- What this task involves
Word for word, retype the lines from the one containing "MGM Resorts International" to the one containing "The Short - Mayo" below, keeping both end lines and dropping the pictures.

Segment Start: Data provided

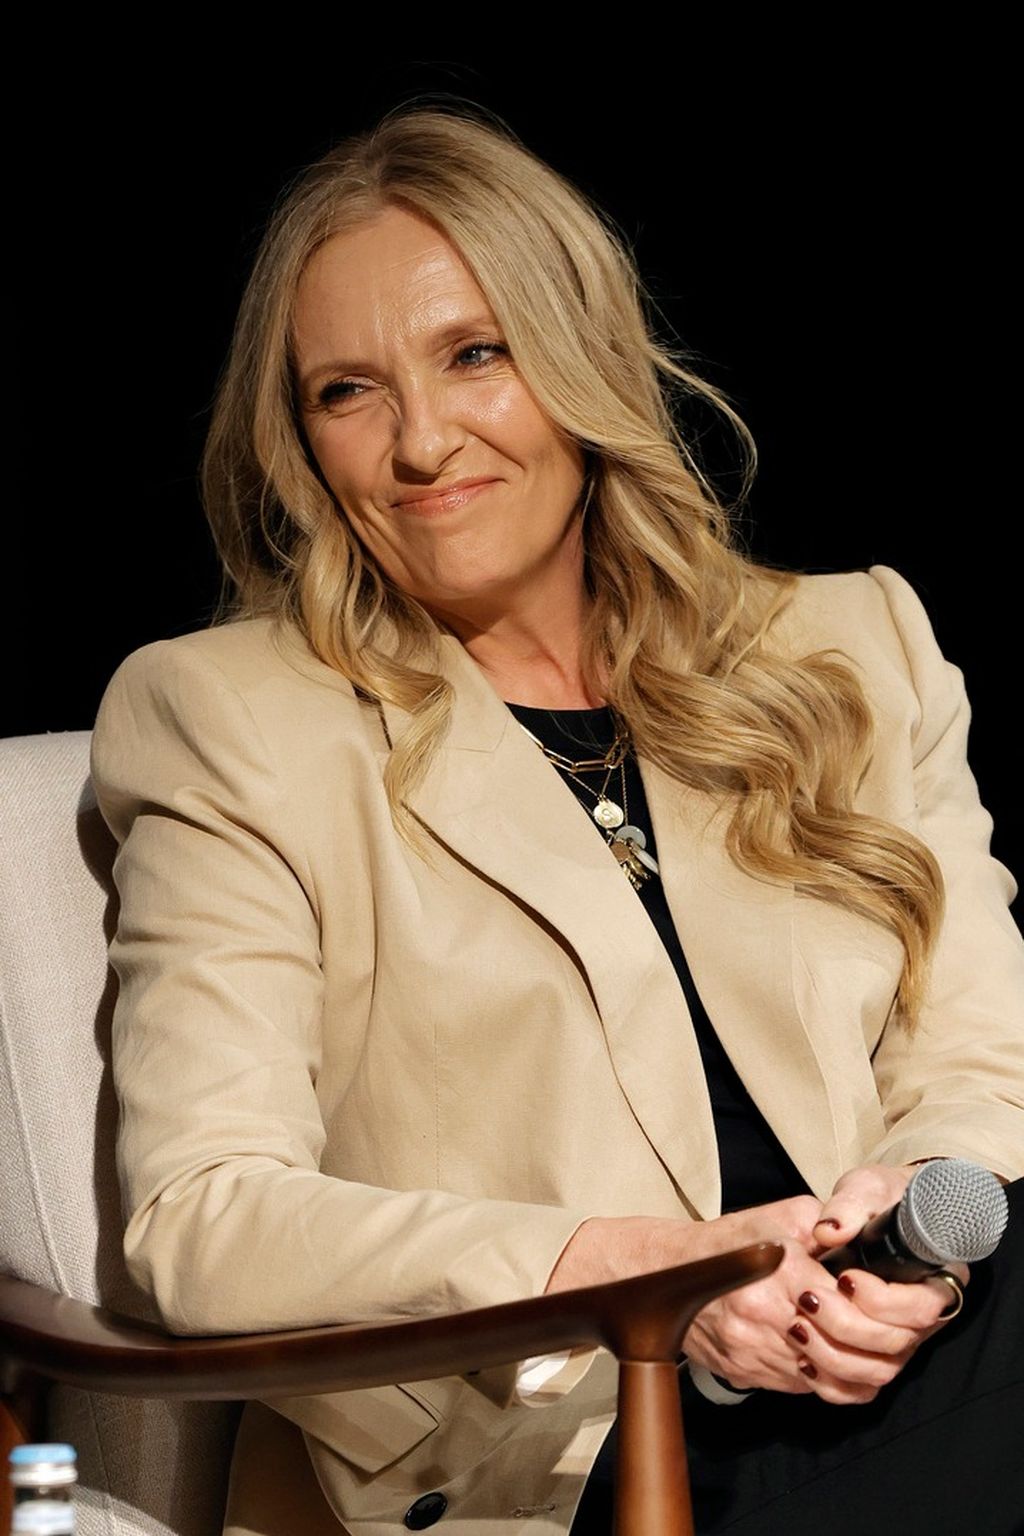 Toni Collette appeared as the keynote speaker in the Qumra Masterclass on the first day of Qumra 2024, held by the Doha Film Institute in Doha, Qatar on Friday (1/3/2024).
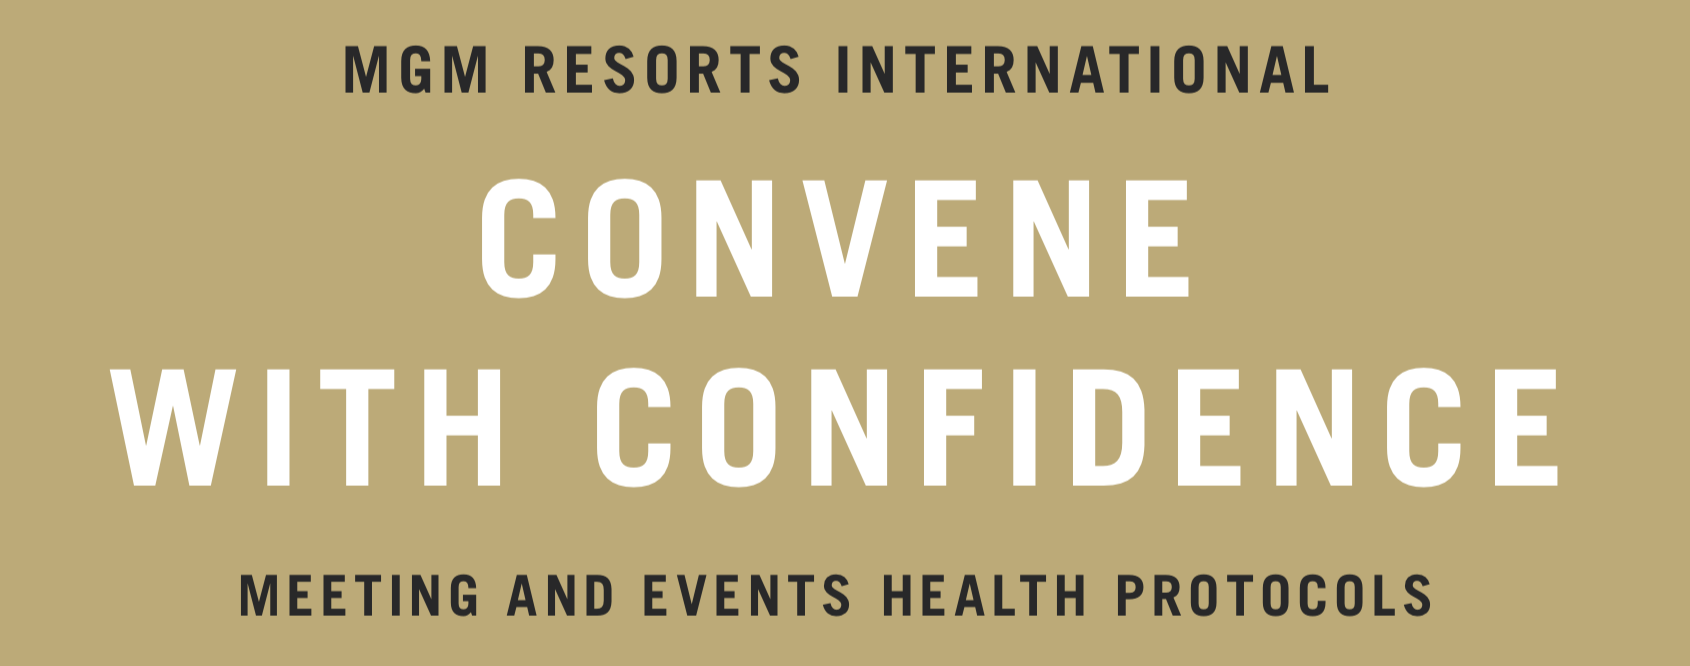 MGM Resorts International Announces Comprehensive Health And Safety
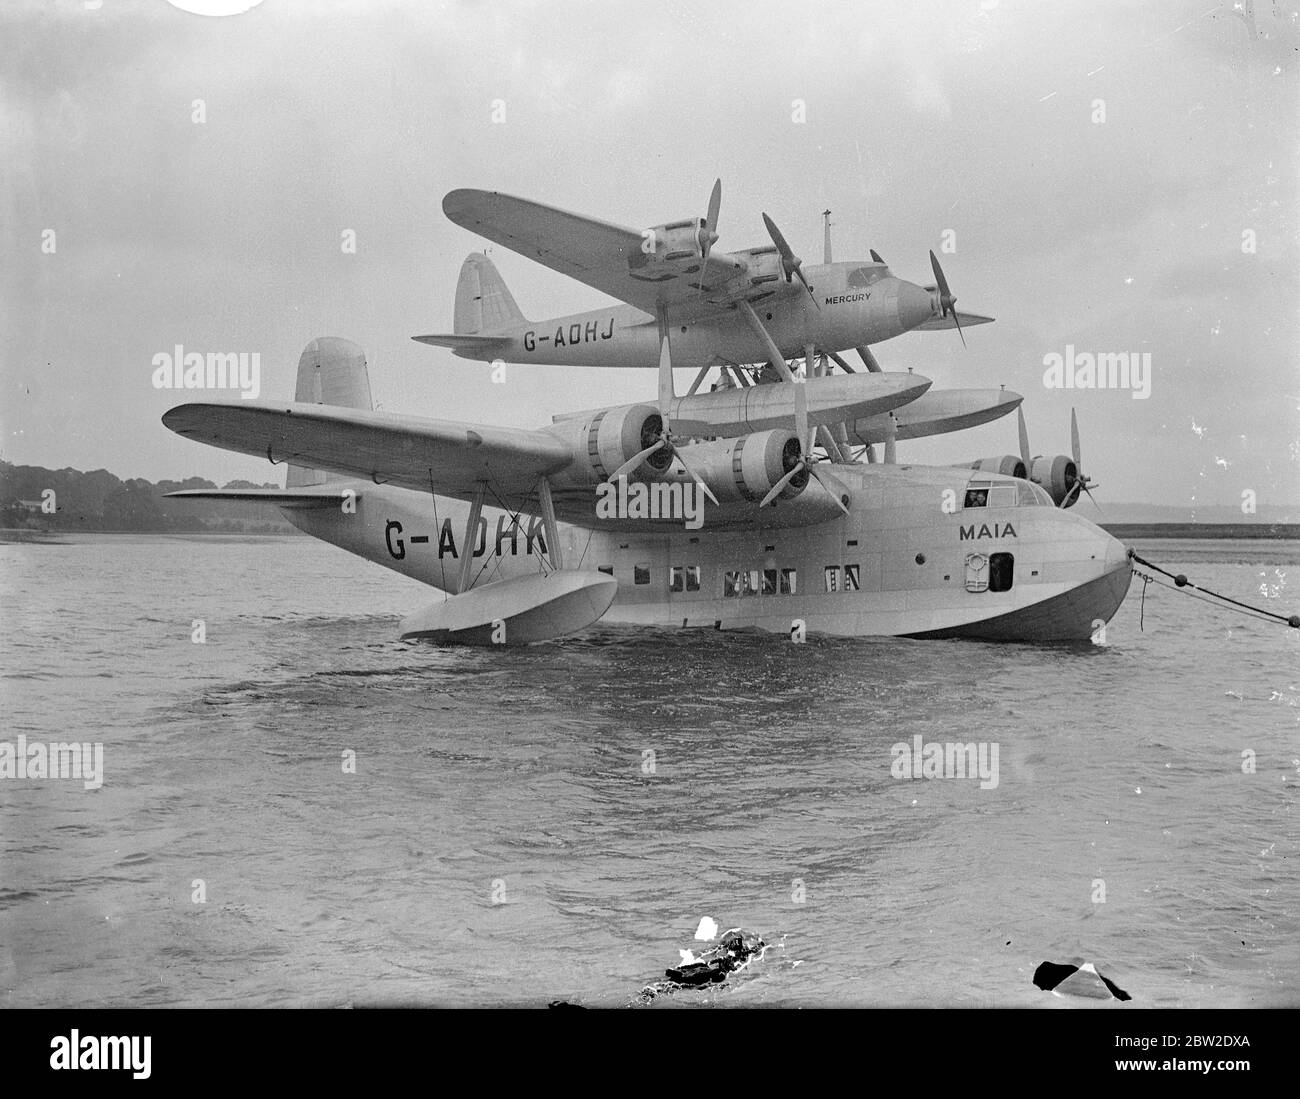 The Short - Mayo Composite , a piggy-back long-range seaplane/flying boat combination , produced by Short Brothers at their works at Rochester, Kent. The smaller aircarft - the Mercury - is placed on top of the Maia flying boat. The plane is expected to bring India and New York within days of no-stop flight . 12 October 1937. Stock Photo
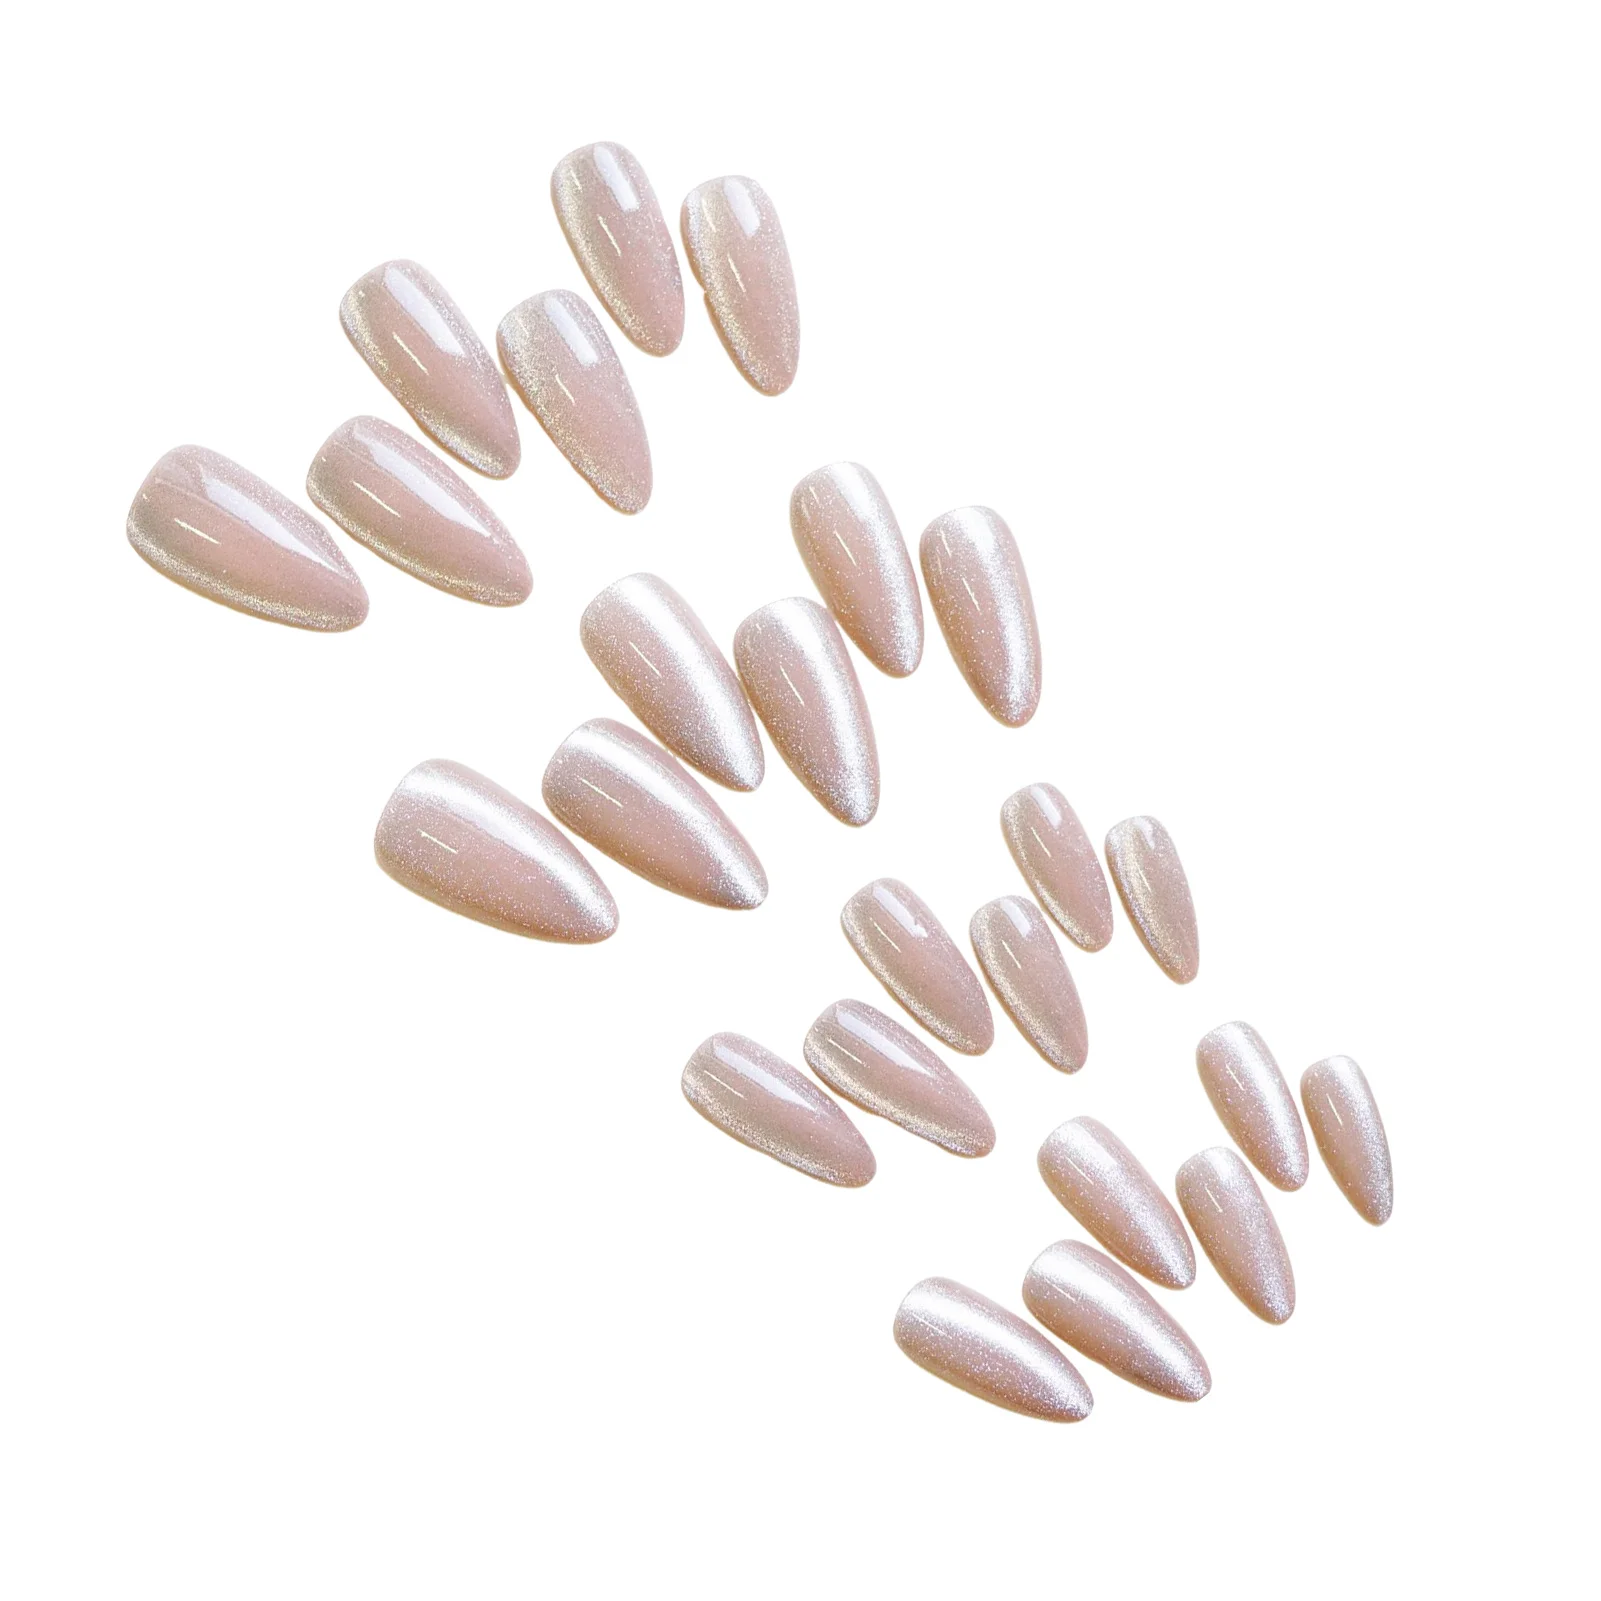 

24pcs Almond False Nail No Fading Long Artificial Nail with Glitters for Women and Girl Nail Salon at Home

Segment End: Data provided

- Result below
 MGM Resorts International Announces Comprehensive Health And Safety
 The Short - Mayo Composite , a piggy-back long-range seaplane/flying boat combination , produced by Short Brothers at their works at Rochester, Kent. The smaller aircarft - the Mercury - is placed on top of the Maia flying boat. The plane is expected to bring India and New York within days of no-stop flight . 12 October 1937. Stock Photo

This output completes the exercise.